Ratko Mladic y Radovan Karadzic ya habían sido detenidos unos años antes, por orden del Tribunal Internacional de La Haya y en cumplimiento de leyes internacionales. Pero estas detenciones de 2015 eran por iniciativa del gobierno serbio, y una muestra de su decisión de perseguir de oficio los crímenes cometidos en su nombre, lo cual es bastante diferente, pues mejor es la justicia buscada que la impuesta. Reconocer los crímenes cometidos por el bando propio en una guerra, o en cualquier conflicto en el pasado, muestra que hay voluntad de mejora y de enmienda en una sociedad. Así se protege la reconciliación, purificándola de los intentos de capitalizar el dolor del pasado a favor de los propios intereses del presente.

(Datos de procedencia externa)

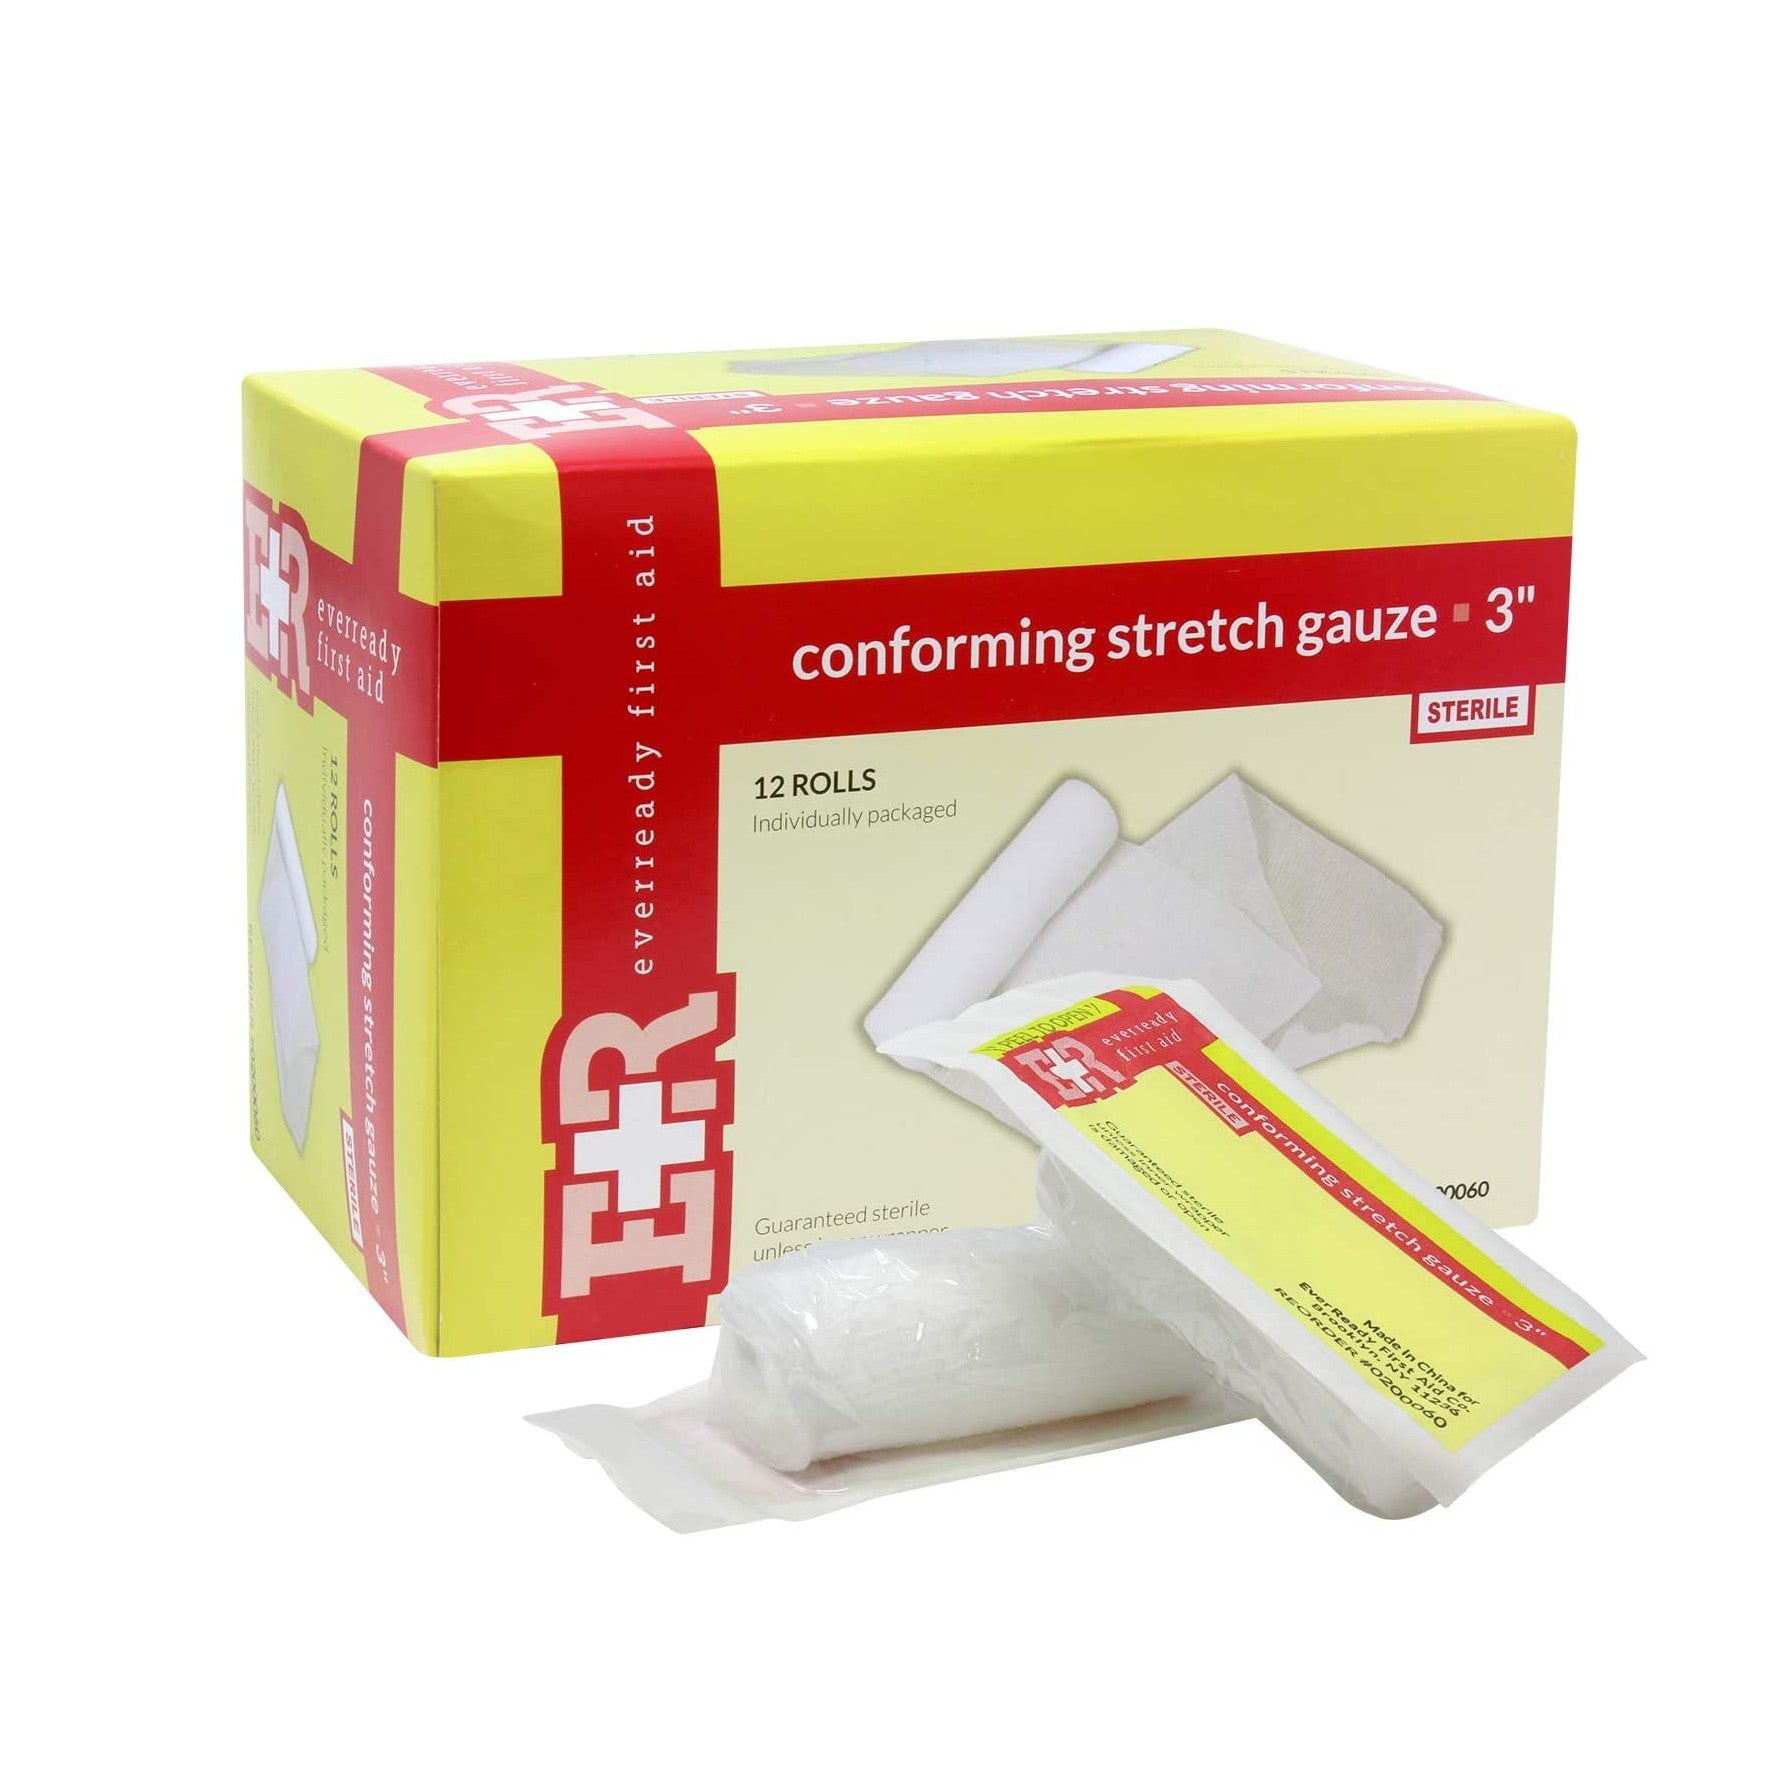 Ever Ready First Aid Sterile Conforming Gauze Roll Bandage

Algo similar sucedió en Alemania cuando, también veinte años después de los juicios de Nuremberg, se iniciaron los procesos contra sus propios criminales y se avanzó tanto en ese camino sanador que acompaña a la verbalización de las verdades y la condena de los errores. Asumir la realidad de los hechos cometidos por los propios es un compromiso indeclinable para impedir que aquello se repita.
Quizá, si nos fijamos en nuestro entorno más próximo, nos encontramos con que no es demasiado frecuente esa actitud de autocrítica y objetividad al hablar de los errores de nuestra historia reciente o menos reciente. Quizá nos cuesta bastante reconocer y condenar las culpas cometidas por quienes están en el lado que a cada uno resulta más próximo, y quizá por eso la reconciliación siempre está tan expuesta a la manipulación y la desmemoria. La mirada limpia hacia el pasado intenta buscar esa verdad, venga de donde venga, vaya a favor de nuestras simpatías o intereses, o vaya frontalmente en contra. Solo esa neutralidad, esa apuesta por los resultados de un análisis desapasionado y libre de prejuicios nos alejará de esa patética agitación del victimismo con que algunos parecen estar siempre buscando motivos para la revancha.
No se trata de hacer autocrítica patológica, como esos que parecen empeñados en escarbar en lo menos presentable de su historia, que en el fondo no sienten suya. Ni me refiero tampoco a hacer el juego a los que se dedican a imponer autoinculpaciones a los demás. Ni a los que exigen abominar del propio pasado y de las propias raíces como prueba única y obligada de honestidad. No se trata de dar gusto a los exigidores de autocrítica forzada, sino de volver cada uno la mirada atrás con valentía, con la máxima objetividad, con el deseo limpio de reconocer la verdad, la que nos gusta y la que no, la que confirma nuestras hipótesis y la que las cuestiona, la verdad que tranquiliza y la que inquieta. La verdad, de donde venga, asumida con toda libertad.